Keeping On Top of Your Product Backlog Management Process
During Agile Scrum software development, the product backlog is an invaluable tool for keeping your project on track and avoiding chaos under pressure. With so many moving parts involved in the software development lifecycle, it is easy to lose sight of the big picture. The product backlog brings you back to ground zero, where your team can regroup and reset before moving on to the next phase of the SDLC. Managing your product backlog is key to keeping your project on task and on time.
Grooming Your Product Backlog
A well-thought-out product backlog lists all the necessary steps to complete your entire project. It breaks down tasks for your development team to help them focus on task execution. It minimizes unexpected speed bumps and lends itself to a superior end product. Grooming your backlog is a key early step in the SDLC that takes place before your first sprint planning session.
The product backlog meeting normally takes place with the Scrum master and the product owner. It prioritizes tasks for the first two sprints, and identifies tasks that need more detail to be executed, or more information from the product owner. This saves time during sprint planning and helps avoid delays. The development team does not need to participate in backlog grooming.
Product Backlog Management
In essence, the product backlog provides a roadmap of requirements, clearly laying out a list of tasks for the development team in order of priority. The development team references the product backlog by iteration as they progress through the sprint.
The backlog roadmap breaks down development into multiple epics, and each epic is broken down into requirements and user stories that describe the software’s desired functionality. The stories are then organized by the product owner into a single list that the development team can reference throughout the sprint.
Factors governing the product owner’s priorities may include:
- The client’s priorities
- The need to get feedback
- Implementation challenges
- Dependencies in the development process, where it will be easier to complete a certain task if another is done first
The product backlog should be laid out in client-oriented language that is easy to understand, without technical terminology or specifications. While input and feedback from clients, developers and designers influence decision-making, it is ultimately the product owner who is responsible for solution backlog management.
To Keep on Top of Your Backlog, Go DEEP
It is important to keep your product backlog value-driven, and not task-driven. An overly detailed backlog with hundreds of entries can easily become task-focused, and your team can quickly lose sight of the ultimate goal.
To groom and maintain control of your product backlog, apply the DEEP acronym. Your product backlog should be:
- Detailed appropriately: High-priority stories that will be tackled in the next sprint should have sufficient detail to be easily executed. The lower the priority, the fewer details are needed until the item rises to the top.
- Estimated: An item’s position on the backlog is an estimate, and not set in stone.
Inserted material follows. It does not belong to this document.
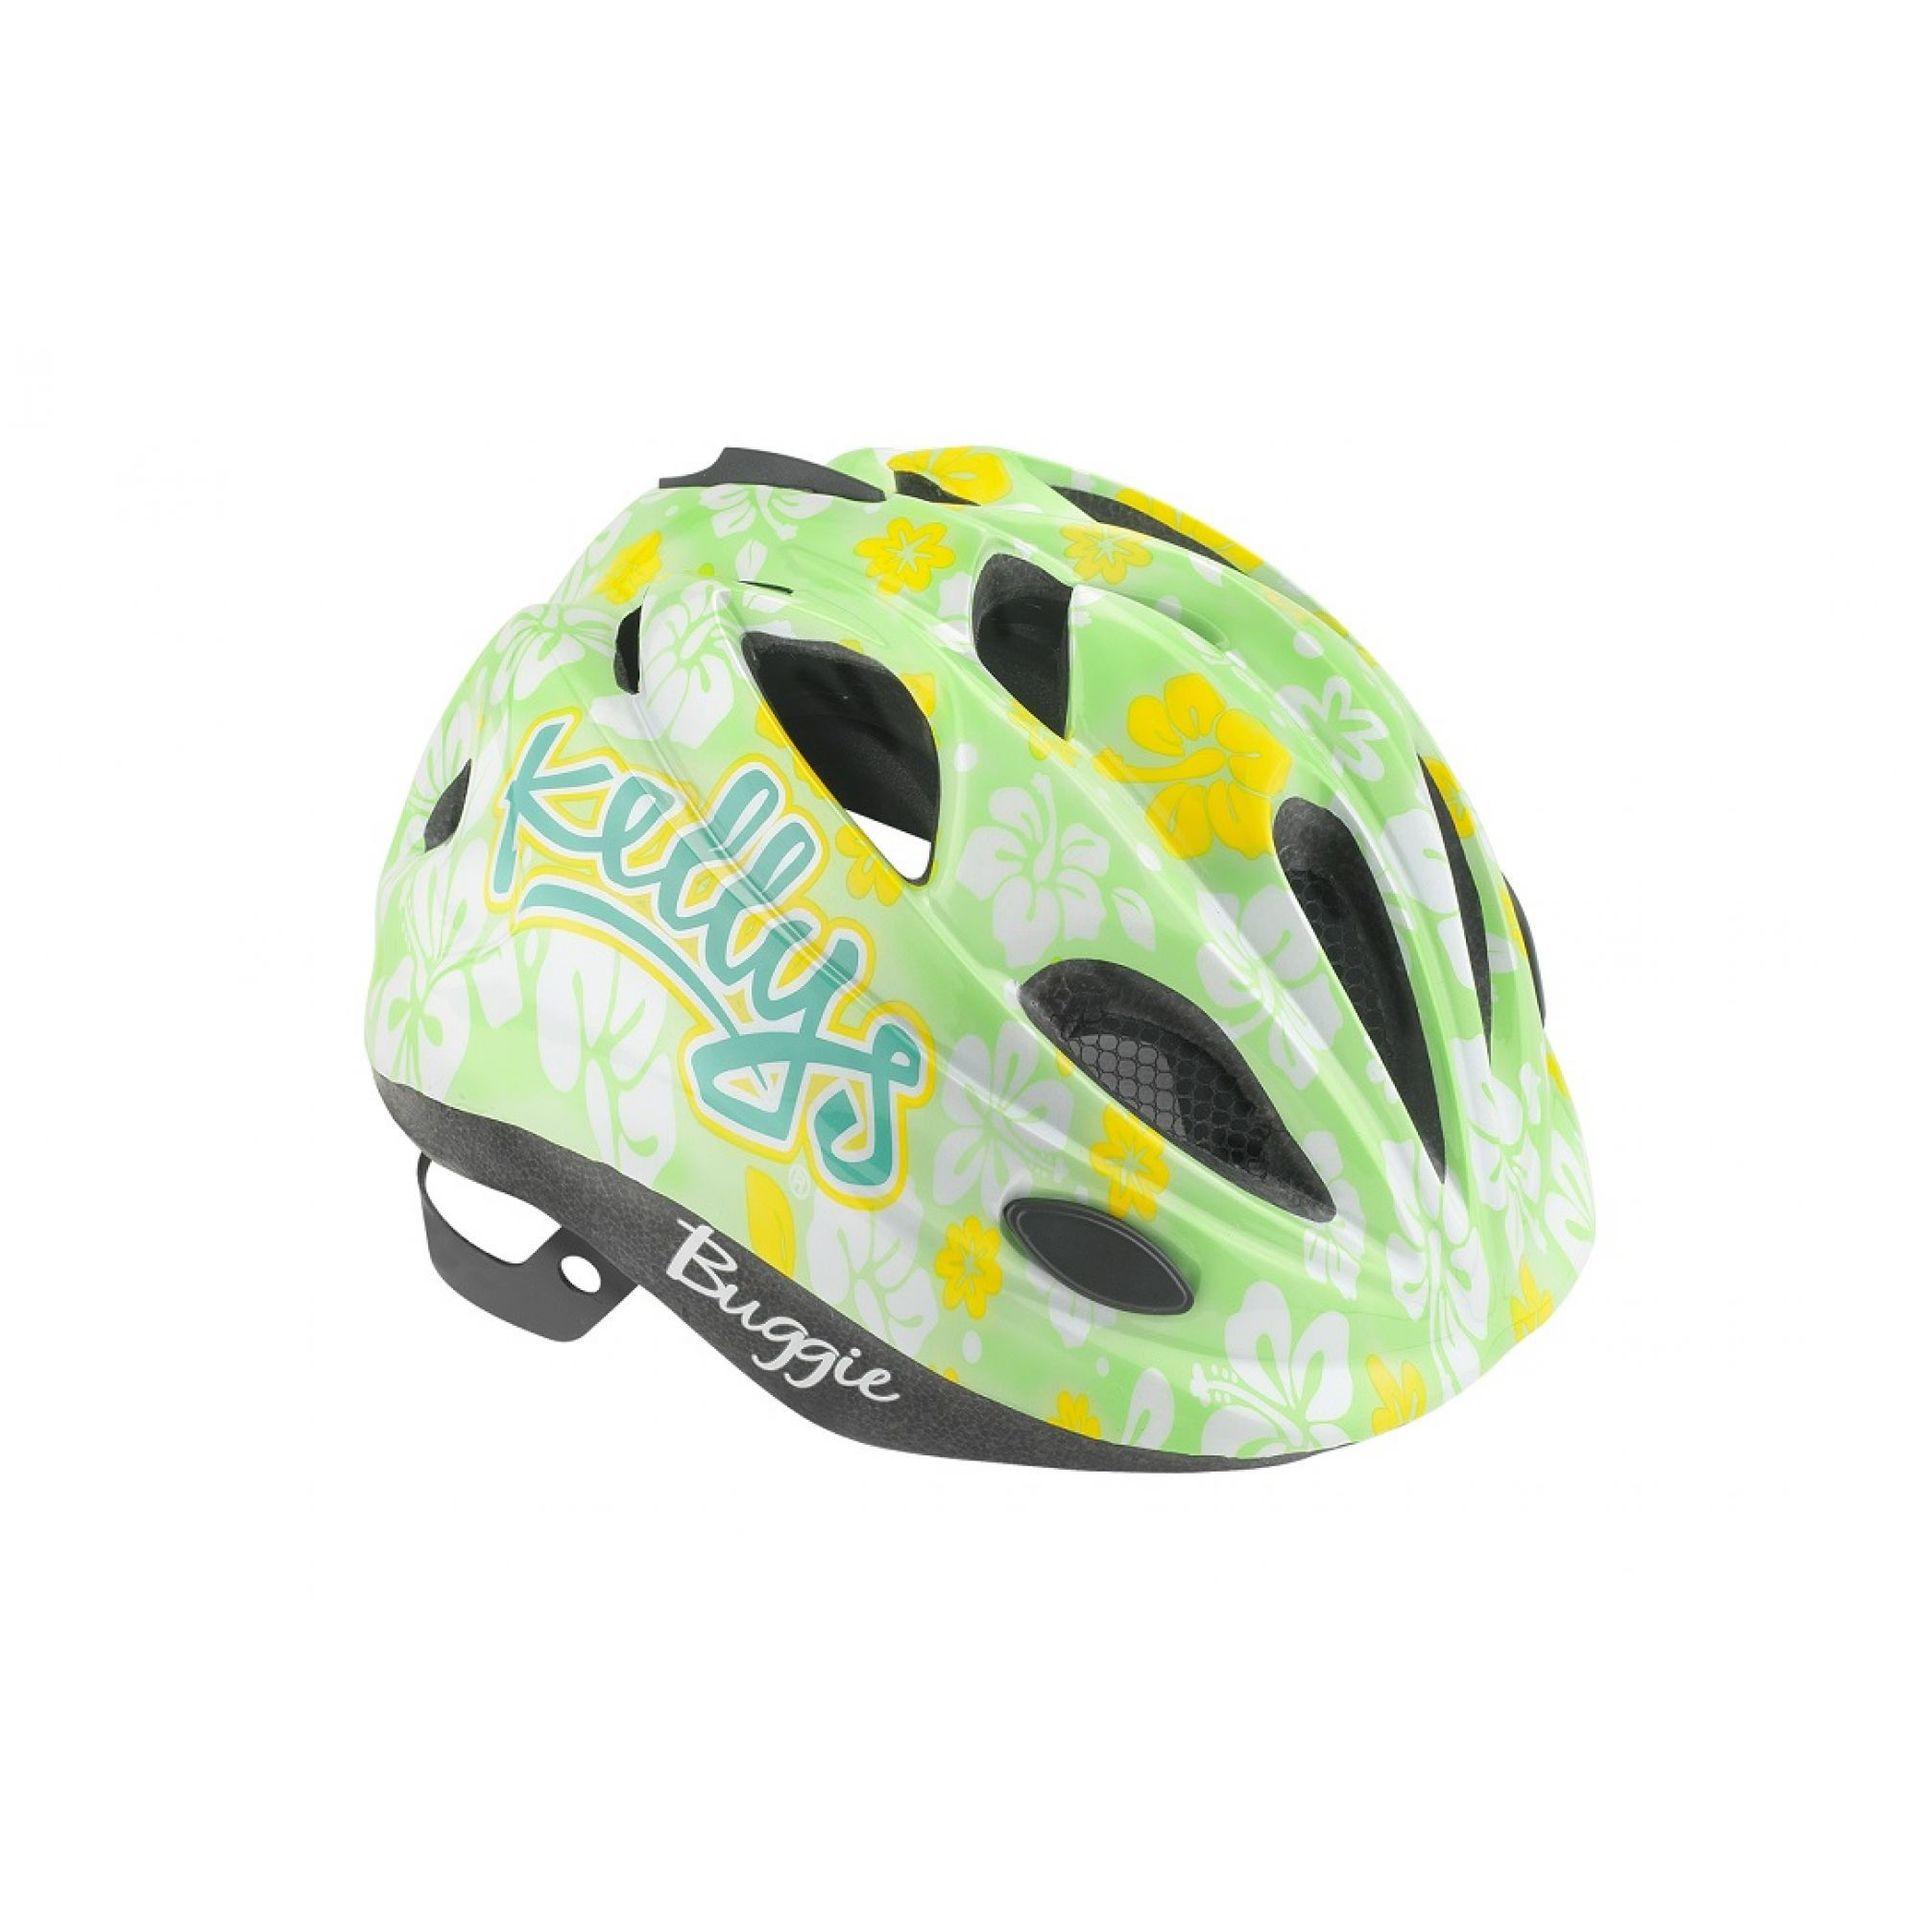 Kask rowerowy Kellys Buggie zielony

Issues may arise that move an item up or down the list, or even remove it altogether.
- Emergent: Your product backlog is a living document that should be malleable enough to allow for revisions, refinement, reordering and removal of items in response to customer and user feedback.
- Prioritized: Backlog entries that add value to the end product should be given top priority.
While the product owner has ultimate control over the product backlog, the Scrum team has a say in how and when refinements are implemented.
Key Tips for Backlog Management
Managing your product backlog can become complicated if you don’t keep it under control. The list can grow quickly, and new innovations by competitors may require revisions. New ideas from team members, clients and users can steer you away from the original concept, and muddy the waters of what needs to be accomplished.
Here are some tips to help you keep on top of your product backlog, so your project moves ahead at a steady pace with minimal drama or chaos:
- Just say no. As the backlog manager, you cannot say yes to every new idea or suggestion, no matter how good it sounds. It is your job to keep the project on task. Interjecting too many new ideas can expand your backlog into an indecipherable jumble that slows down the development process and derails your project. An overly long backlog creates confusion for the development team, who may decide to abandon it altogether.
- Keep a single backlog of truth. To avoid having to say no to stakeholders, some product owners will create a second list of ideas that stakeholders would like to see implemented. This creates unrealistic expectations that can backfire later, when the stakeholder does not get what they want.
- Maintain control of your backlog. Some product owners allow others to add or remove items, or re-prioritize tasks. That is tantamount to letting the inmates run the asylum, and it can lead to anarchy. The product owner is ultimately responsible for the backlog and the product. You need to set boundaries and assert your ownership.
- Not everything needs a user story. While user stories are useful for defining desired functionality, they don’t apply to every entry on your backlog. For example, bug fixes and technical debt resolution need to be done, but they do not need a user story.
- Quality over quantity. Some product owners try to pack as many features as possible into a product, especially if they allow stakeholders to ride roughshod over the backlog. Remember, it is your responsibility to deliver value to your clients and users, not extra features and functionality.